Talvez resida aí uma das
explicações da origem da pichação e da grafitagem, técnicas que realizam uma
intervenção urbana visando expor a arte de rua (street art). A legislação
brasileira que trata da aplicação de sanções penais e administrativas em
decorrência de atividades lesivas ao meio ambiente (artigo 65 da Lei nº 9.605/
1998), pune aquele que “pichar, grafitar ou, por outro meio, conspurcar
edificação ou monumento urbano”. A pena é de três meses a um ano e aumenta de
seis meses a um ano se o ato for praticado contra monumento ou coisa tombada em
virtude de seu valor artístico, arqueológico ou histórico.
Tanto a pichação como o graffiti
foram lançados na vala comum e considerados condutas penalmente reprováveis,
pelo dano que causam ao ambiente, em razão da poluição visual. Ocorre que,
lentamente, a própria avaliação estética proporcionou uma separação e uma nova
definição para as duas modalidades. A pichação despe-se de qualquer referência
artística e, inerente à sua vocação clandestina, invade as ruas com palavras
hostis e símbolos agressivos de uma cultura de transgressão. A grafitagem, por
sua vez, estruturada por grupos comprometidos com a arte, busca o espaço urbano
para trabalhar com sua tinta spray e criar paisagens, gravuras e painéis
harmônicos, extremamente coloridos. É muito frequente o pedestre parar e
admirar a arte exposta na rua, sem falar do interesse interpretativo dos
críticos especializados na modalidade, que já conseguiram entronizar a street
art nos grandes museus.
Daí que o legislador, sem muita
dificuldade e em boa hora, interpretou a vontade popular e retirou a grafitagem
do limbo, introduzindo-a no rol de condutas lícitas, decretando, em
consequência, sua descriminalização pela Lei nº 12.408, de maio de 2011. De
forma expressa, determina o permissivo legal: “Não constitui crime a prática de
grafite realizada com o objetivo de valorizar o patrimônio público ou privado
mediante manifestação artística, desde que consentida pelo proprietário e,
quando couber, pelo locatário ou arrendatário do bem privado e, no caso de bem
público, com a autorização do órgão competente e a observância das posturas
municipais e das normas editadas pelos órgãos governamentais responsáveis pela
preservação e conservação do patrimônio histórico e artístico nacional”.

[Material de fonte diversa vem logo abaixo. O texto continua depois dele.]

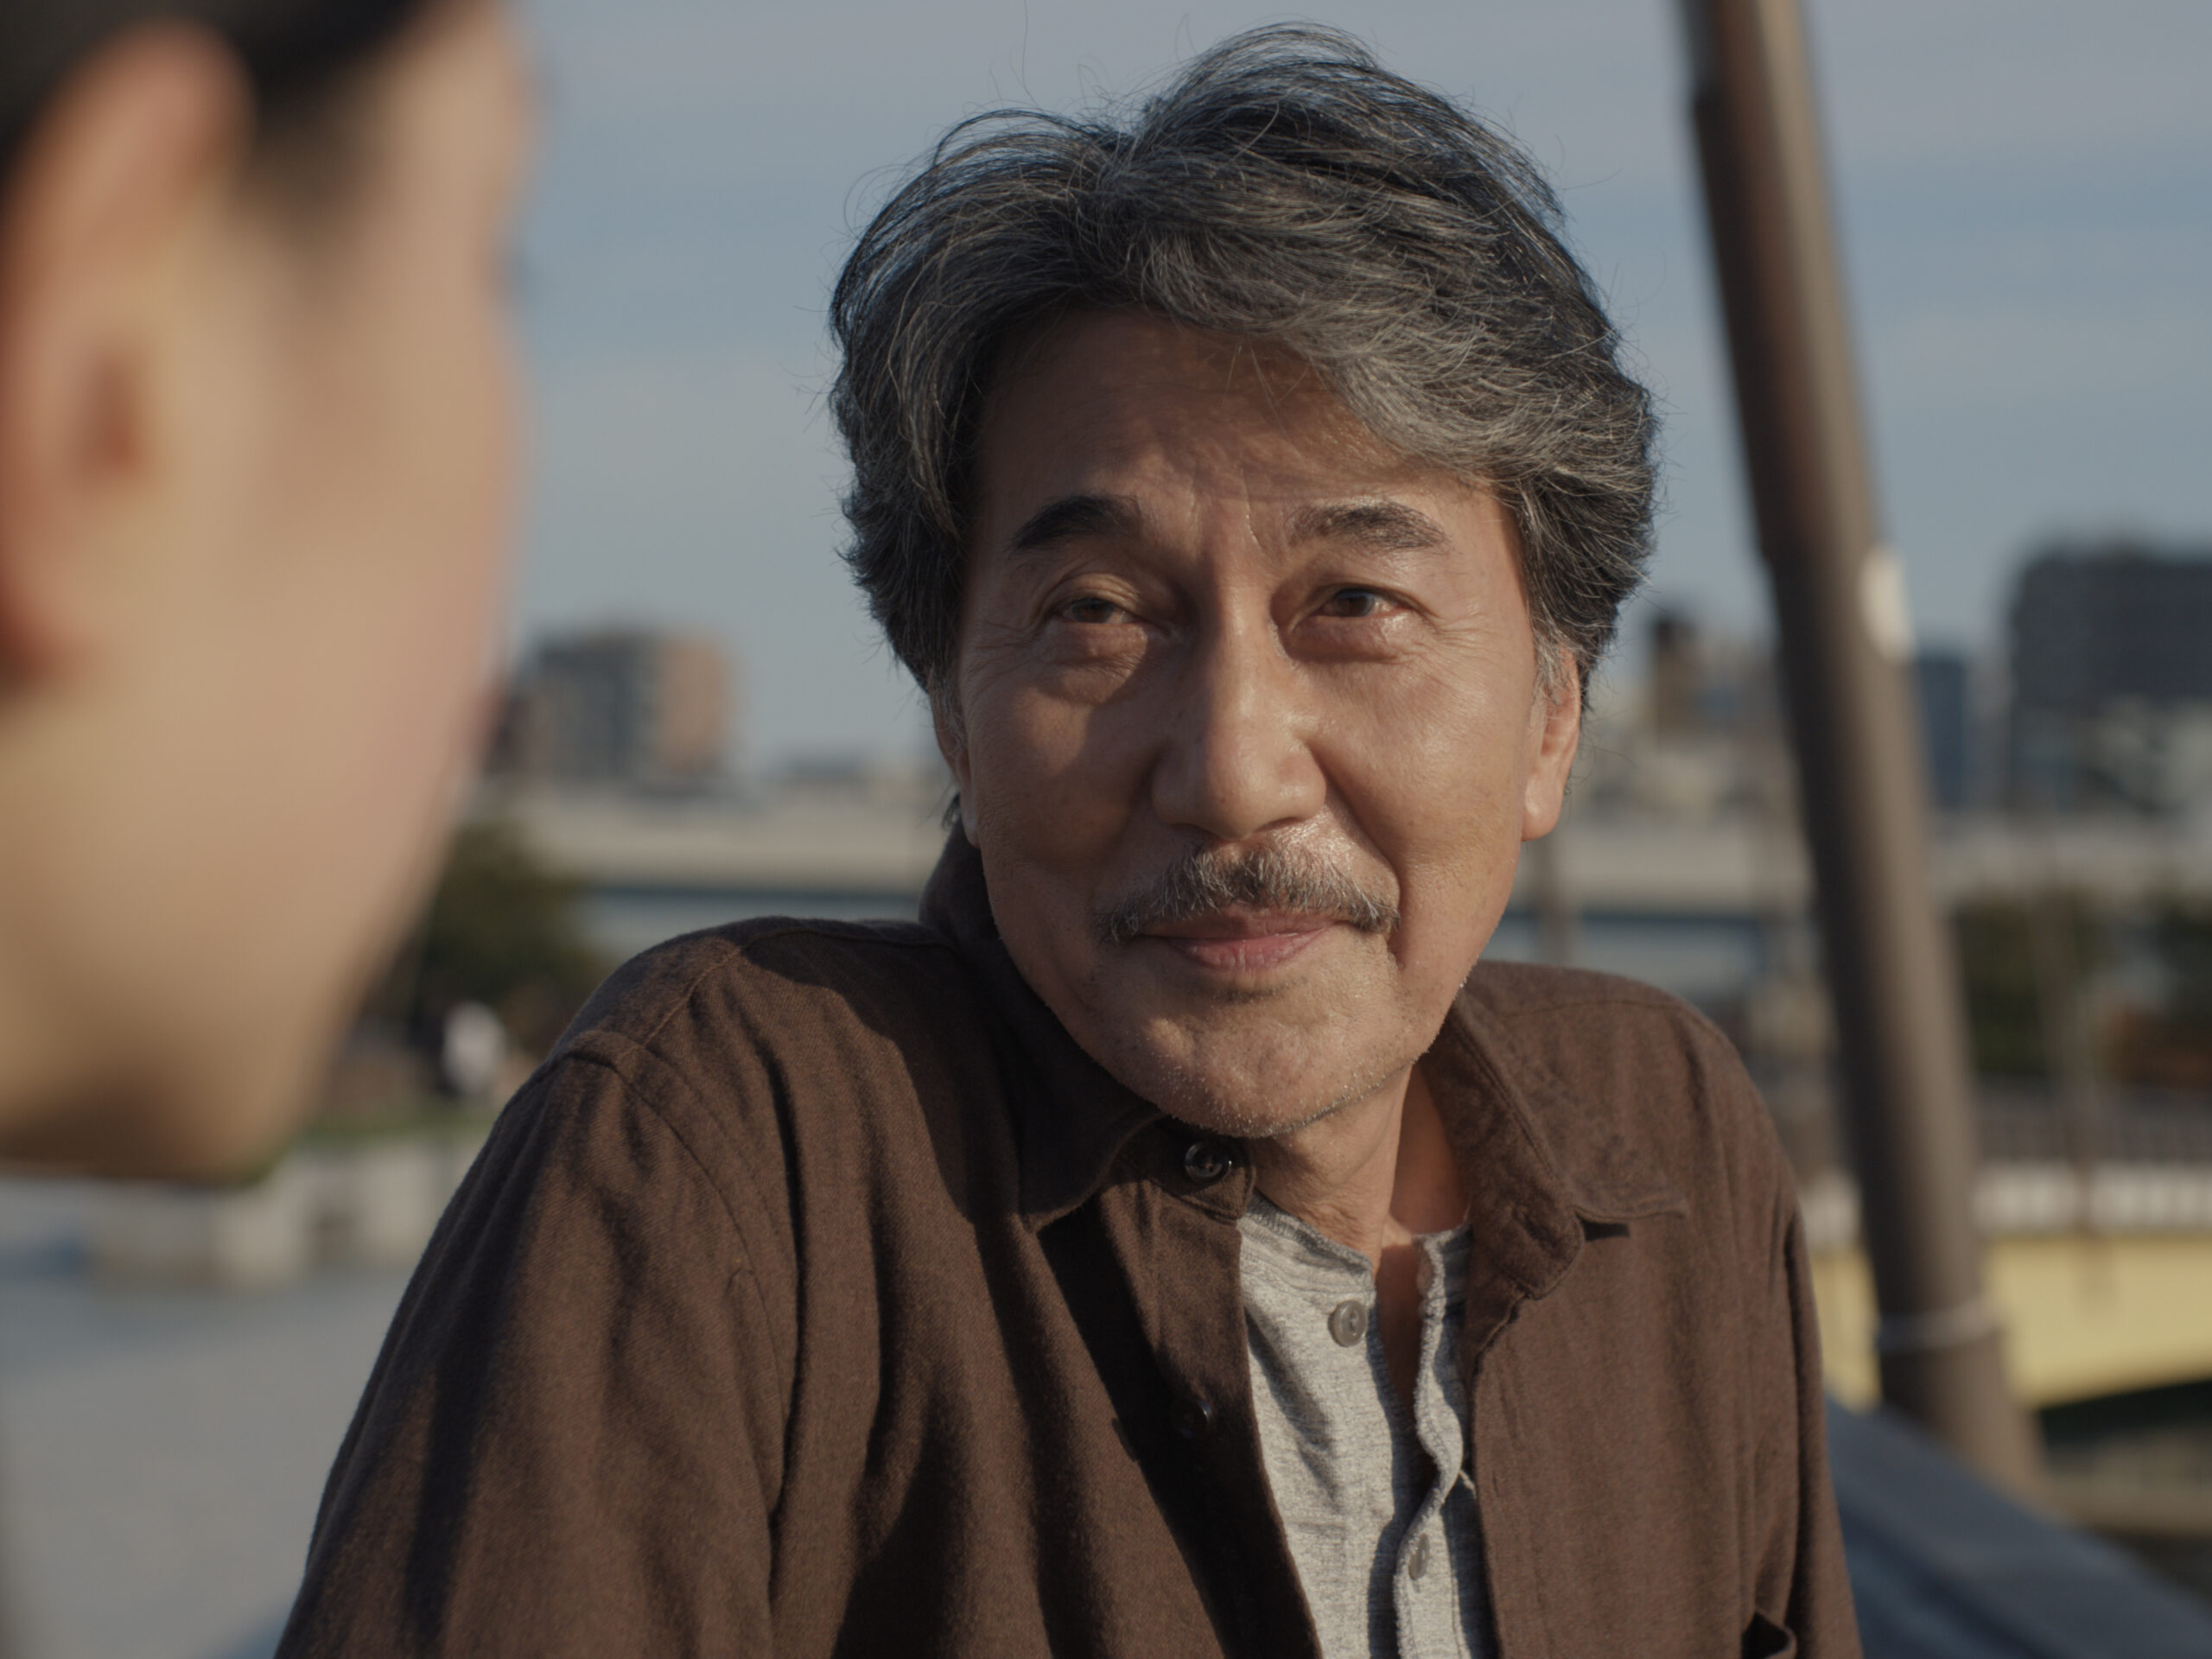 Our hero, Hirayama, played by Koji Yakusho

A arte popular, desta forma,
recebe licença para fazer seu vernissage nas ruas, exibir o conteúdo de suas
belas-artes e demonstrar que a estética está diretamente relacionada com a
filosofia do belo. Aquilo que é prazeroso para os olhos e que tem aptidão para
encantar as pessoas, transportando-as para um ambiente harmônico onde poderá
fazer livremente suas incursões no imaginário oferecido, não merece ser
reprimido penalmente. Arte não combina com proibição.

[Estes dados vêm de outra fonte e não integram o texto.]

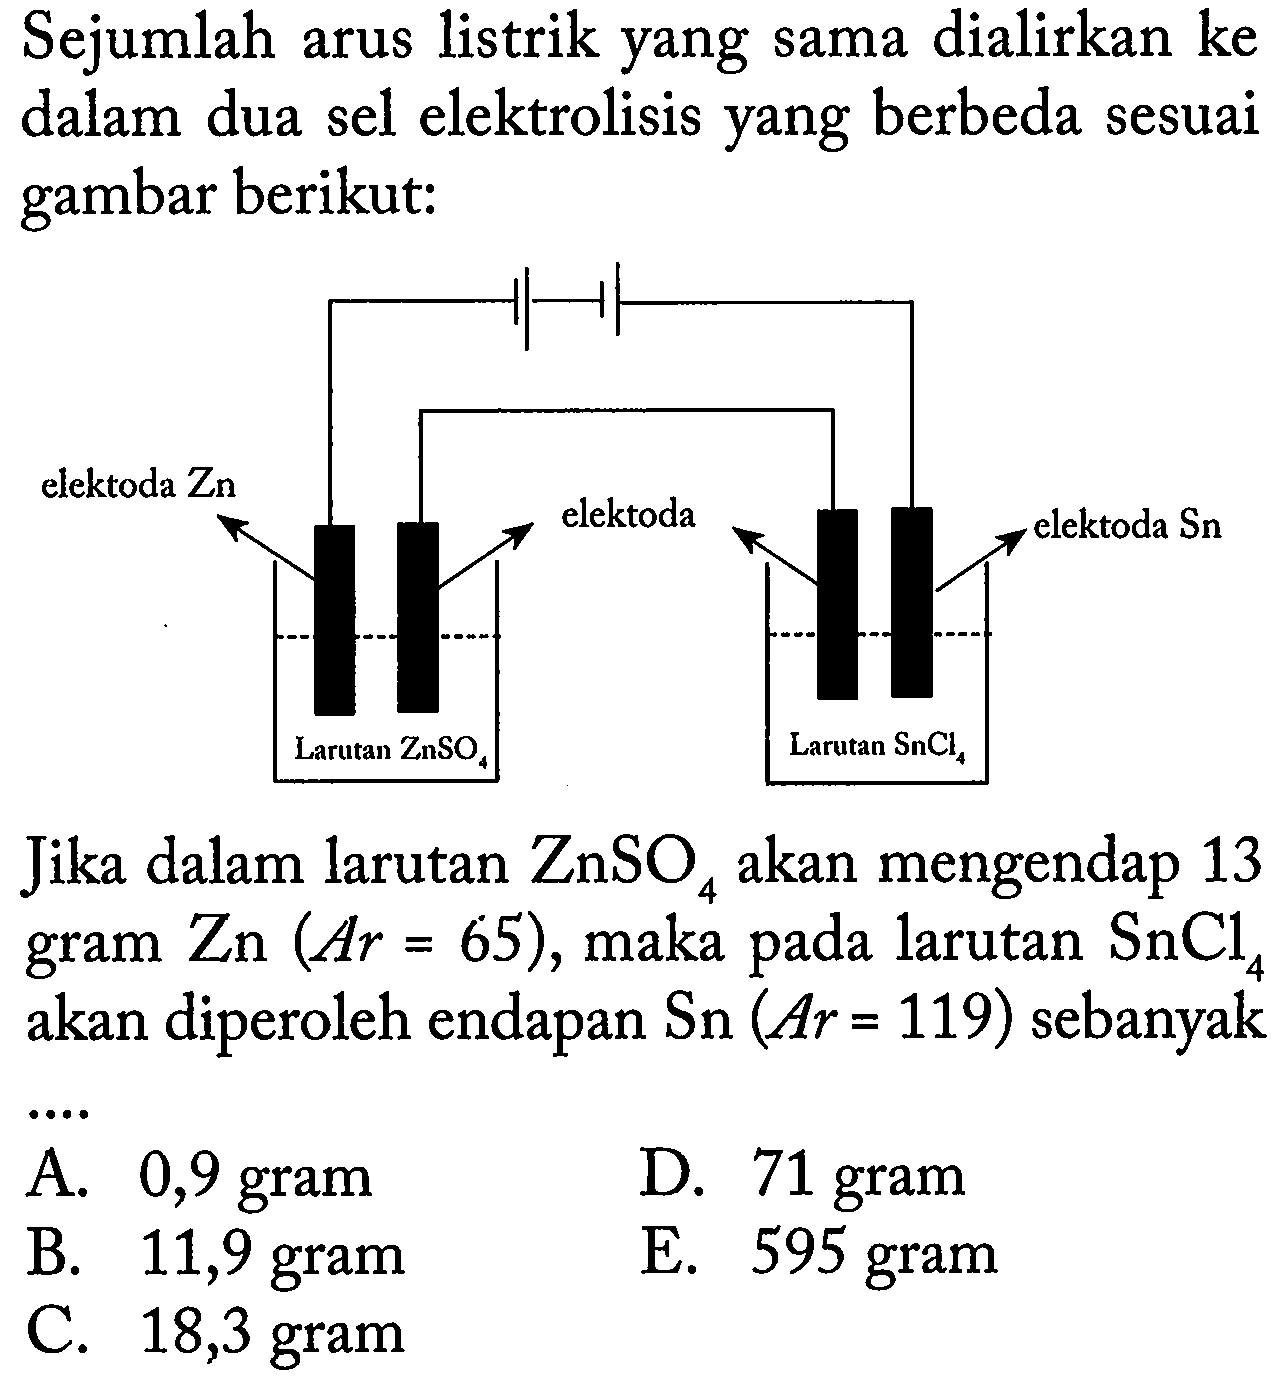 Sejumlah arus listrik yang sama dialirkan ke dalam dua sel elektrolisis yang berbeda sesuai gambar berikut:elektroda Zn elektroda elektroda Sn Larutan ZnSO4 Larutan SnCl4  Jika dalam larutan  ZnSO4  akan mengendap 13 gram  Zn(A r=65) , maka pada larutan  SnCl4  akan diperoleh endapan  Sn(A r=119)  sebanyak

No lugar de um muro branco,
envelhecido pelo tempo, sem qualquer atrativo, imagine-se diante de um trabalho
de grafite retratando uma cena do amanhecer do pantanal mato-grossense, com
seus pássaros coloridos e seu céu de um azul inconfundível. Eleva o espírito e
o transporta para o estado de graça. Bem melhor do que a pichação,
principalmente quando se aproxima a época de propaganda eleitoral.